No mais da sua locução, Miguel Carvalho notou como seis membros da família Champalimaud doaram, logo à nascença do Chega, 5 a 10 mil euros a este partido; todavia, do tipo de eleitorado que se esperaria que se encontrassem no Chega, no entender do investigador, corresponde a 9/10% (talvez, desta sorte, pouco menos de metade dos cerca de 23% obtidos nas últimas legislativas). Entre a militância, pessoas de diferentes formações e qualificações académicas. André Ventura, segundo o relato do jornalista, pagou 40 mil euros com vista à angariação de assinaturas para a fundação do partido, numa volta que incluiu os chamados “bairros sociais” e membros de etnia cigana…mas também pessoas com 110 anos e crianças de 14, o que, tendo sido detectado pelo Ministério Público – foram centenas e centenas de assinaturas falsas –, não pôde ser atribuído a alguém em concreto (daí o arquivamento do caso). O recente jantar entre Ventura e Gouveia e Melo, promovido por Mário Ferreira (dono da TVI), não tem que ser lido, sem aparato crítico, como a impossibilidade de um acordo de perspectivas (como os intervenientes no mesmo, excluindo o empresário que nada disse sobre o assunto, garantiram), antes sendo possível alvitrar, em hipótese levantada por M.Carvalho, que um mútuo assestar de baterias entre aqueles candidatos seria proveitoso para ambos (uma espécie de Old Firm, o rentável choque simbólico escocês). Isto, enquanto Almeida Ribeiro, antigo espião do SIS [e espiando a candidatura de Seguro ao PS, quando era muito próximo de Sócrates] dirige a Aximage, detida por Marco Galinha.

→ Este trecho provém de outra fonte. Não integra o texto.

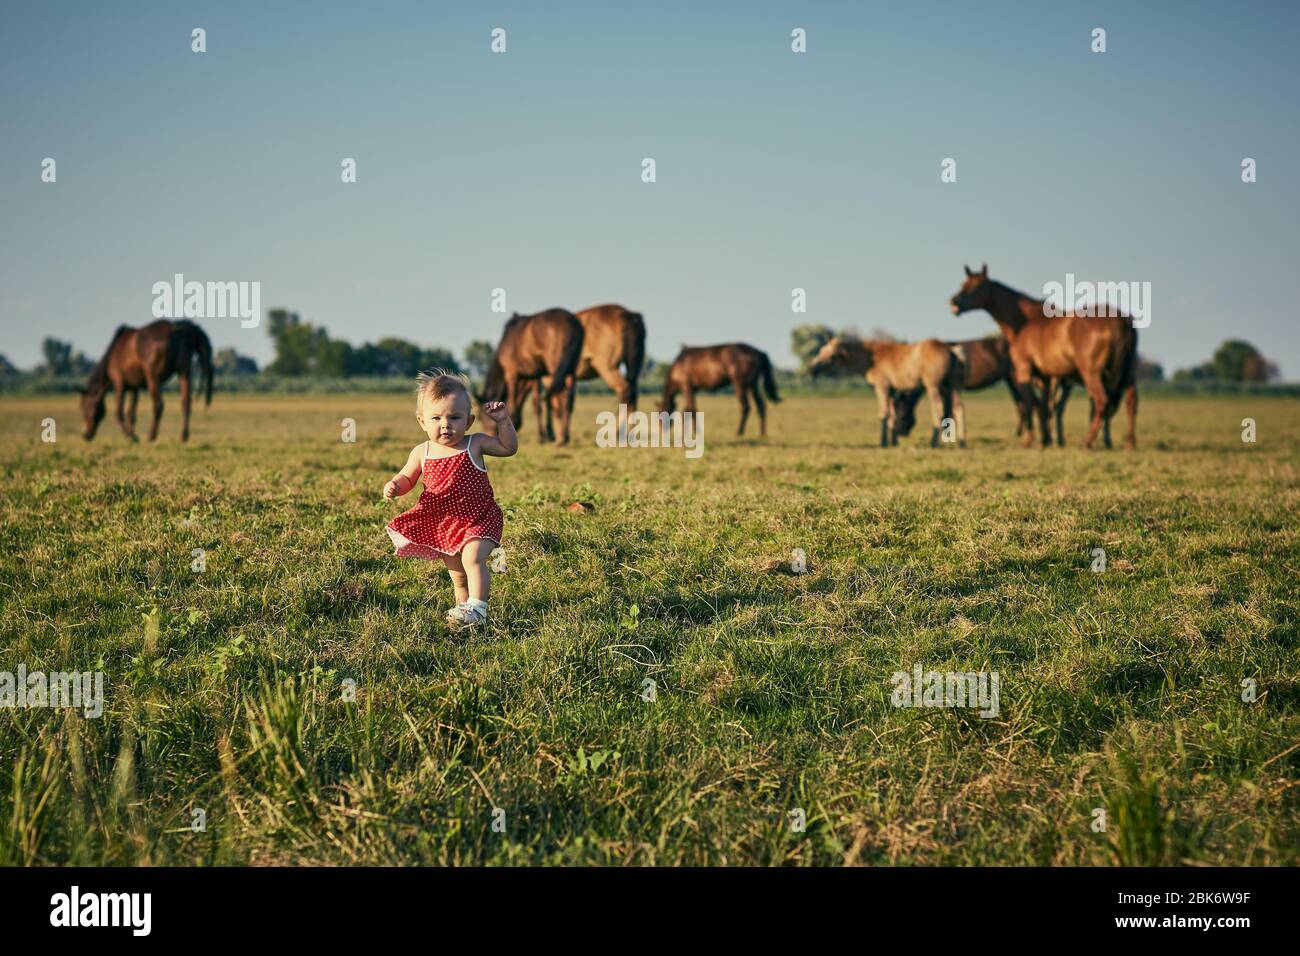 Petite fille en robe rouge dans un champ avec des chevaux. Banque D'Images

O autor de “Por dentro do Chega” revela uma história escolar do seu filho de 14 anos, trabalho de Português em powerpoint acometido à turma, tema à escolha, perguntas dos alunos a cada colega remetidas a aspectos técnicos: tamanho de letra, tipo de letra, fotografias escolhidas, ângulo das fotos…Primeira apresentação e primeira pergunta (como que infringindo o estatuído): porque escolheste André Ventura como tema? Porque gosto muito dele, respondeu a adolescente, que acrescentou: e porque com ele Portugal não teria homossexuais e imigrantes – e seria de novo grande. Gargalhada da turma, porventura cruel, não ignorando o duplo padrão ou a denegação da orientação sexual da autora do trabalho (não ignorada por aqueles).
Duplo padrão, embora em outros âmbitos – causa palestiniana, cuja echarpe já exibiu outrora, posições acerca do próprio Chega que outrora recriminara -, em uma carreira no interior do partido qualificada por Miguel Carvalho como “claramente oportunista”, o de Rita Matias (que hoje enche escolas Secundárias e até Universidades de adolescentes e jovens para a ouvir). Desde o início, a única pessoa que Ventura admitiu poder, sobre si, “fazer sombra”, na medida em que a sua eficácia junto dos mais novos – os tiktoks com tracção – lhe era essencial (e mesmo tendo sido o Chega pensado como projecto “unipessoal”), sendo, desde muito cedo, pensado o trabalho “em dupla” (até com os ensinamentos, para este âmbito, do Fidesz de Órban). Hoje, já muitas crianças e adolescentes, sem idade para votar, estão a crescer sob a tutela daqueles vídeos de 15 segundos e publicações que tais, questionando-se que literacia para os media – mesmo com várias escolas a fazerem excelentes trabalhos – e futuro de tais cidadãos e do país.